In vain Andrew Fraser raved to the Magistrate, demanding that Major
Hardwicke and Captain Murray should explain their past conduct.
"I am directed by General Wragge to say that he will visit you,
himself, officially, to-morrow, Professor Fraser, and he will
have an important governmental communication for you. Until then,
I desire these two gentlemen to be allowed to remain in your house.

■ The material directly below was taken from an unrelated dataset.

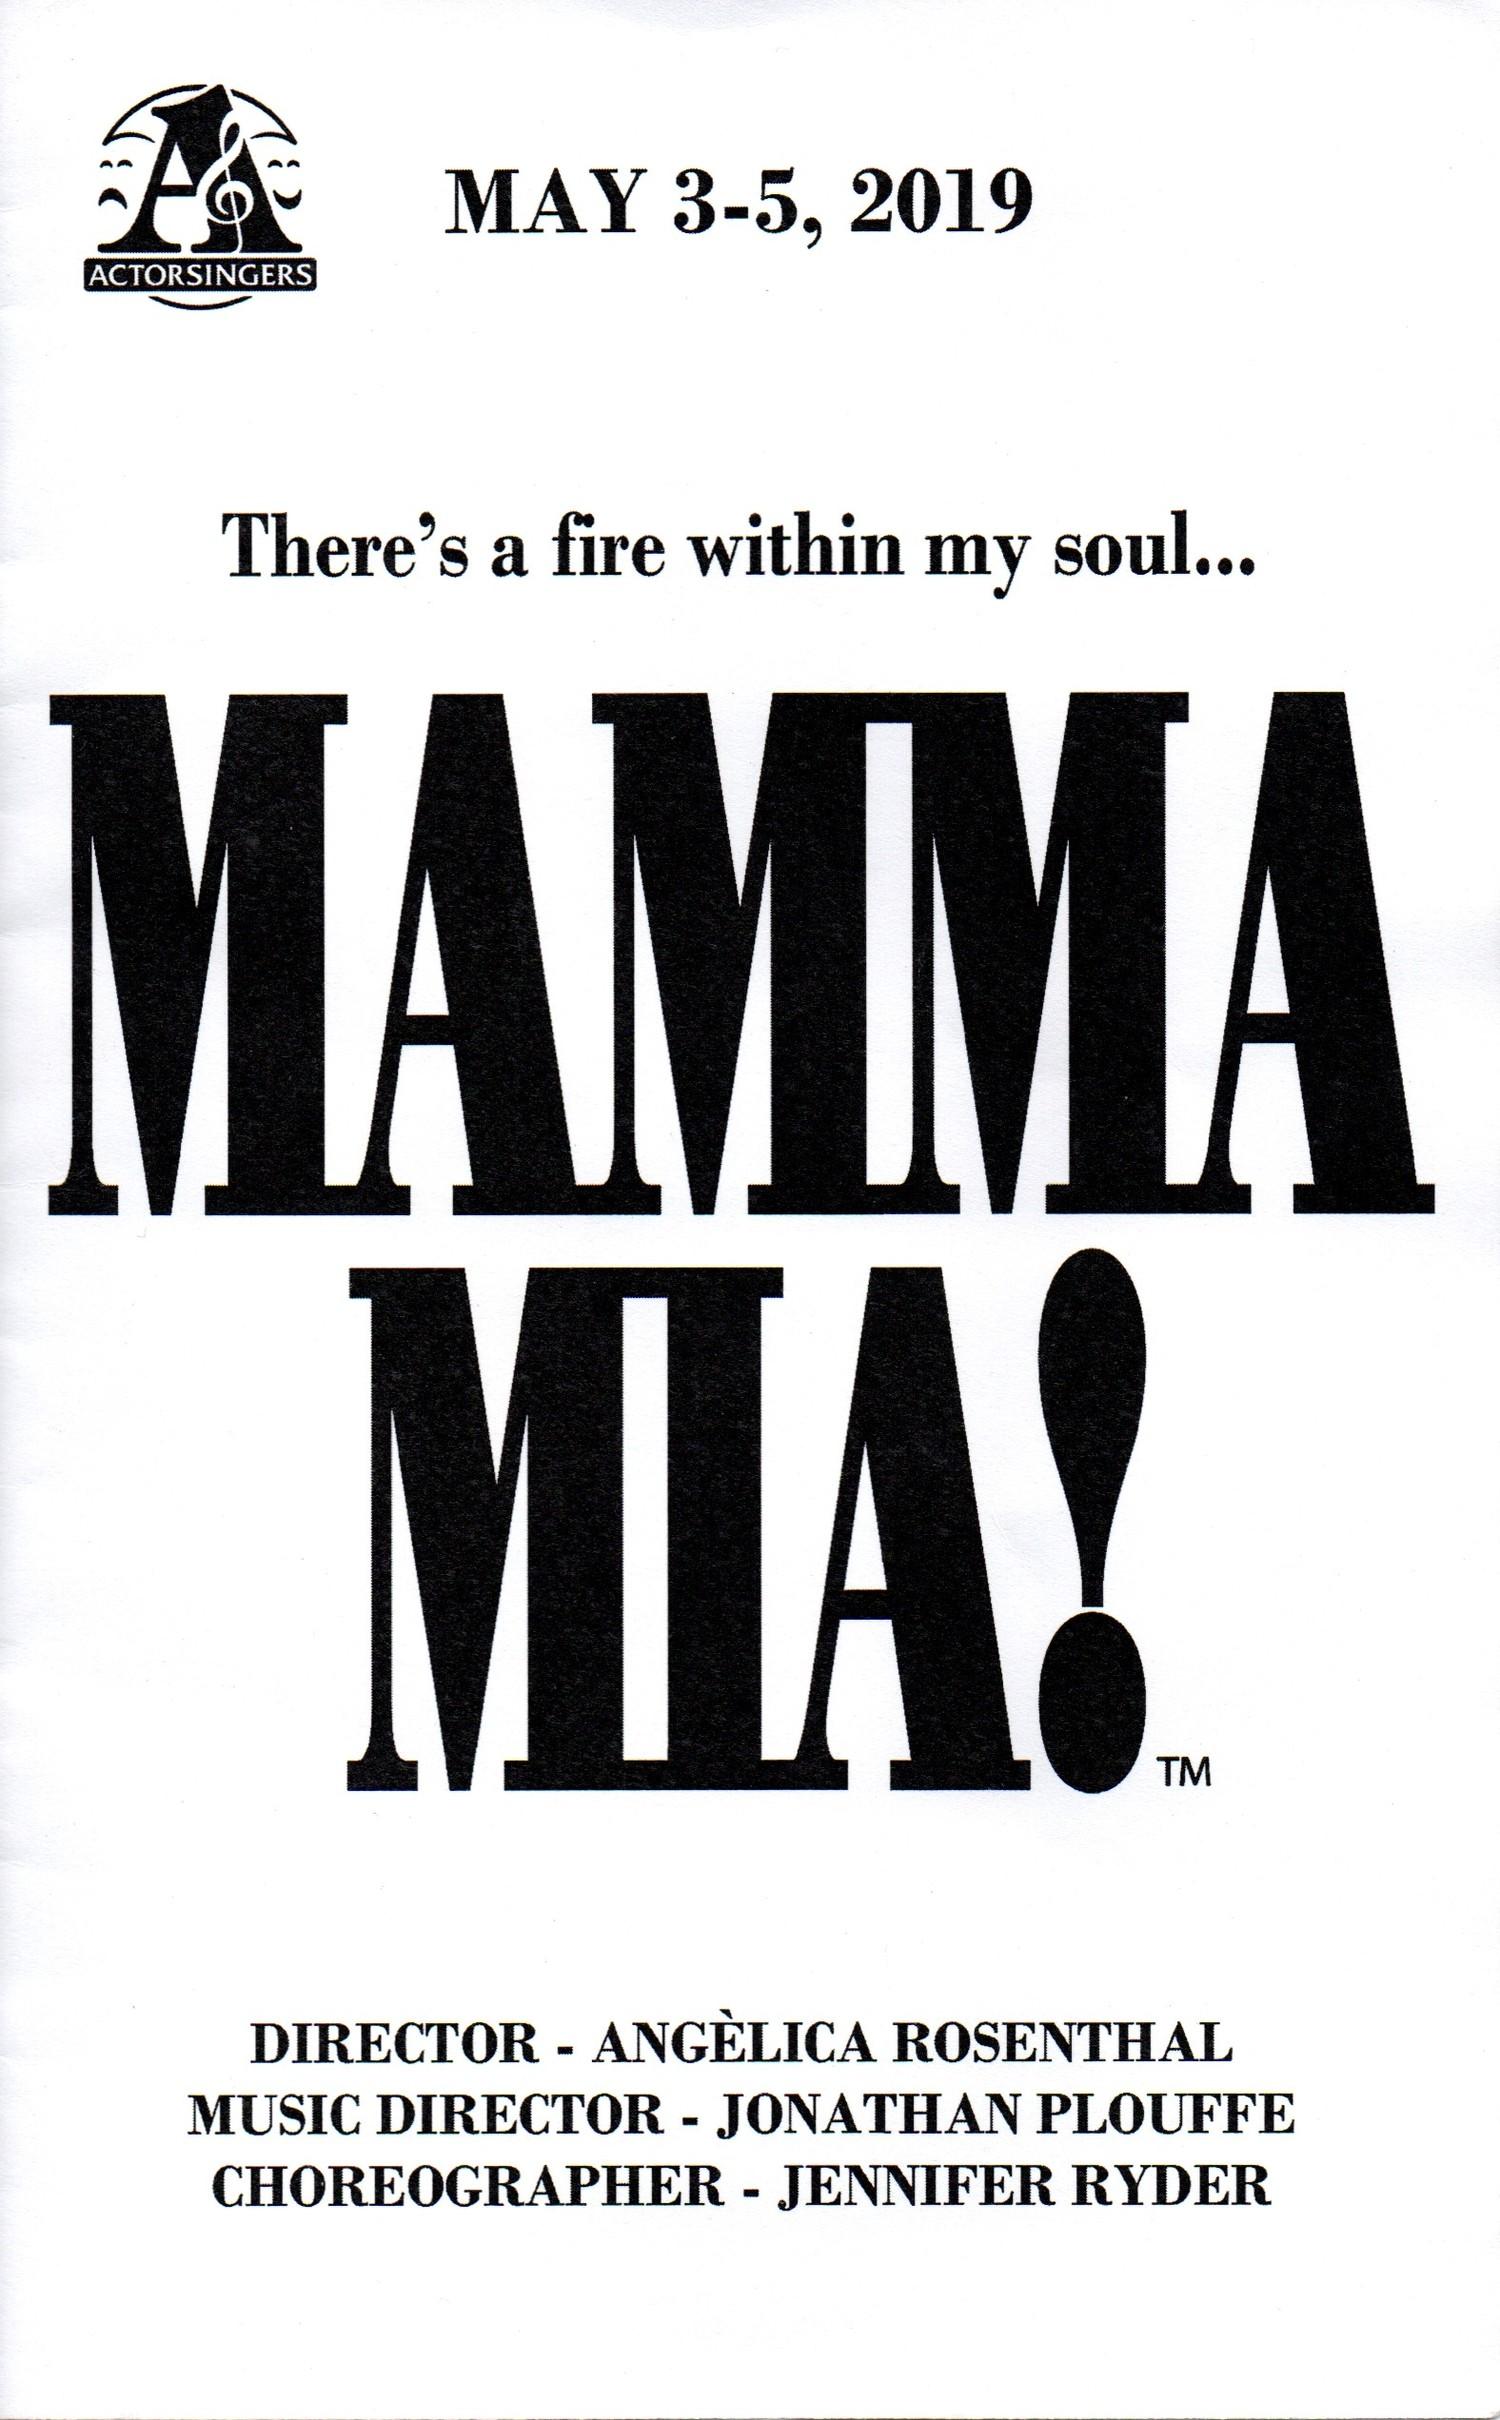 BWW Review: Celebrating Big with MAMMA MIA at Actorsingers

They will remove all their luggage this evening." And then, old
Fraser, with a presage of coming trouble, shivered in a sullen
silence. Conscience smote him, sorely.

"The lost jewels!" In fact, a handsomely appointed carriage and a
van, in the afternoon, removed all of the effects of the two pseudo
"orientals," who, half an hour after the carriage had arrived,
appeared in their respective undress uniforms of the Royal Engineers
and the Eighth Lancers, to the dismay of old Fraser--now affrighted
at his dangerous position. There was gloom in the house now, for Miss
Nadine Johnstone flatly refused to even see her guardian a single
moment! And Simpson, alone, sat in conclave with Major Hardwicke,
who had learned privately of the secret removal of Alan Hawke's body
to St. Heliers. Messengers, in uniform, coming and going rapidly,
were hourly admitted to Major Hardwicke's presence, and already a
pale-faced woman was on her way from Geneva to rejoin Madame Alixe
Delavigne, at the old chateau mansion where Captain Murray only
awaited the arrival of Anstruther now ready to open his siege
batteries on the man who had covered up his brother's crime. There
was not a word to be gleaned from the authorities, and St. Heliers
was simply convulsed in a useless fever of curiosity. Even Frank
Hatton, representing the London press, was muzzled. Not a soul
was, as yet, permitted to approach the old martello tower, where
Alan Hawke had faced the Moonshee, "man to man." A squad of coast
guardsmen sternly picketed the vicinity of Rozel Head. And a great
smuggling raid was the only accepted explanation to the public.